The American College of Obstetricians and Gynecologists (ACOG) currently recommends that COVID-19 vaccines should not be withheld from pregnant persons who meet the criteria for vaccination and that the decision to vaccinate should be made based on the pregnant person’s wishes, their individual risk of contracting COVID-19 and other factors in their history. If you are pregnant or breastfeeding, talk to your health care provider about the risks and benefits of getting the COVID-19 vaccine.
o Persons who have dermal filler injections should know that a small number of cases of facial swelling have been reported in people with dermal fillers after getting the COVID-19 vaccine. So far, all these facial swelling reactions have been mild and responded quickly to oral steroids or oral antihistamines.
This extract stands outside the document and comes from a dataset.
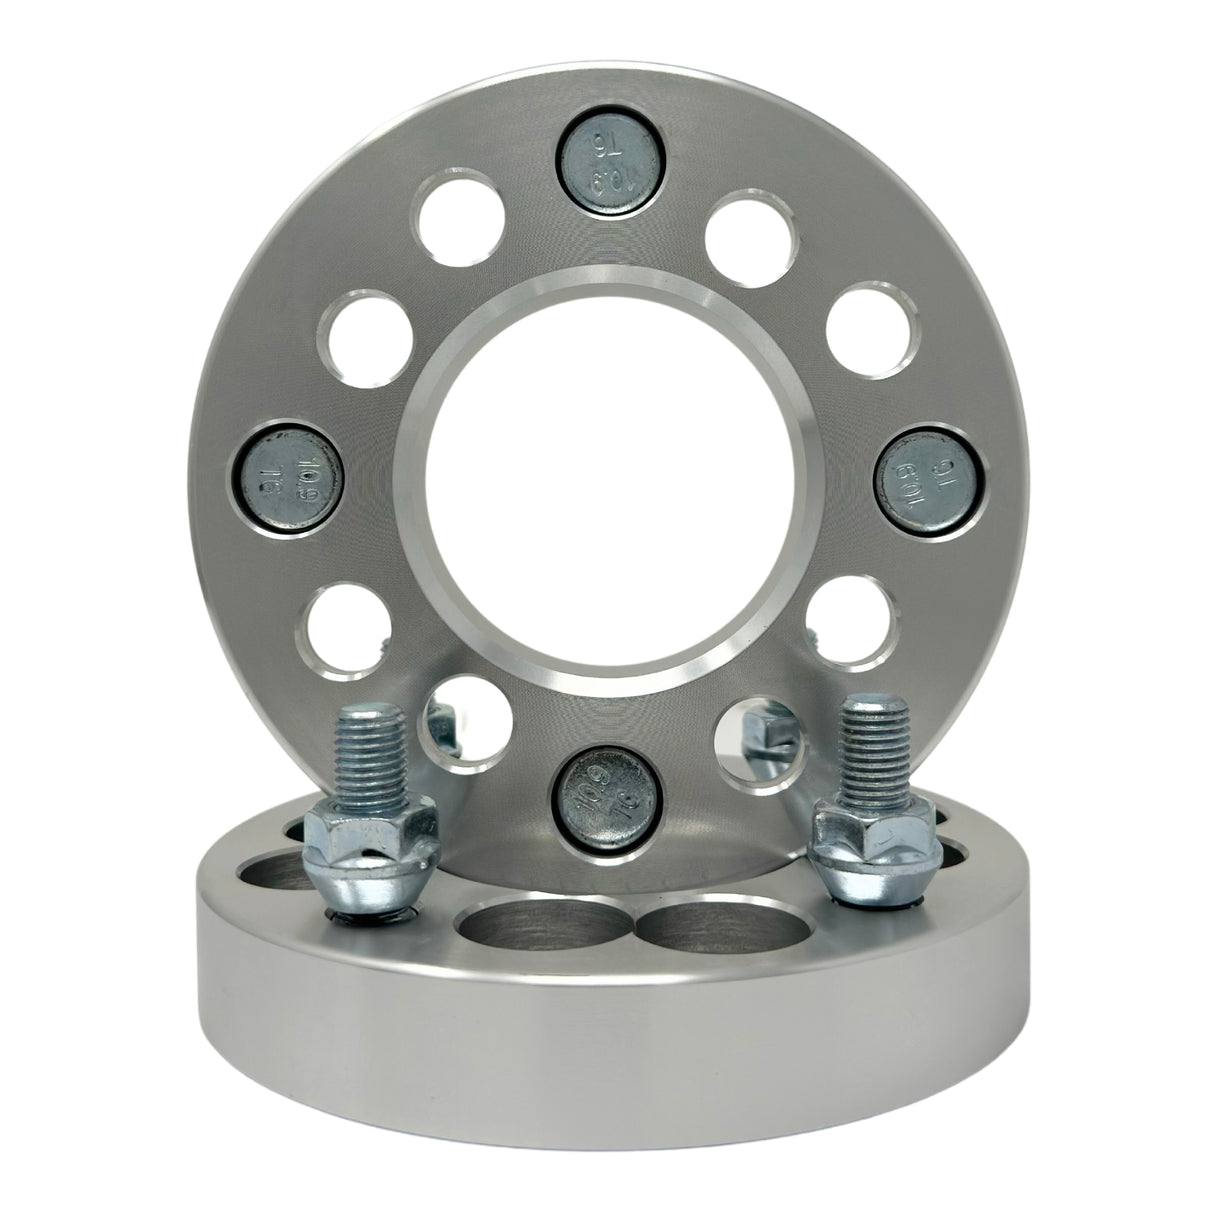 4x100 or 4x4.5 to 4x108 Wheel Adapters Universal Kit 1" Inch (25mm) 12x1.5 Studs & Lug Nuts 71mm Center Bore or 4x100 or 4x114.3 to 4x4.25

Currently, the Aesthetic Society recommends that having a history of dermal fillers should not prevent someone from getting the COVID-19 vaccine because the benefits of being protected from COVID-19 outweigh the risk of facial swelling observed in this small group. If you have any questions about dermal fillers and getting the COVID-19 vaccine, we recommend consulting your plastic surgeon or skin care specialist to discuss your specific case.
Last, but not least…
For you to achieve maximum protection from the COVID-19 vaccine, your body needs to be able to mount a strong immune response. We recommend that if you are considering taking the vaccine, in addition to continued social distancing and good hygiene practices, that you optimize your intake of essential vitamins and nutrients to boost your immune system. Vitamin C, vitamin D, Quercetin, Zinc, and Vitamin B complex, have all been cited as good immune boosters. Our complete recommended immune-boosting vitamin regimen is listed in our What Should You Do if You Test Positive for COVID-19? blog article and YouTube video. If you are going to follow this protocol, we recommend you speak with your own physician to make sure that it is safe for you to take these vitamins with your medical history or pre-existing medical conditions.
We hope this helps!
We have no relevant financial or nonfinancial relationships in the products described, reviewed, and discussed in this article.
As always, this information is not meant to treat you. It is only intended to be educational. The information in this article regarding the COVID-19 vaccines is the most up-to-date information available as of January 5th, 2021. Please understand that this information is rapidly evolving and may change as the year moves forward.
If you have any real-time questions regarding obtaining the vaccine or concerns regarding your own health and well-being, please consult, and speak with your health care provider.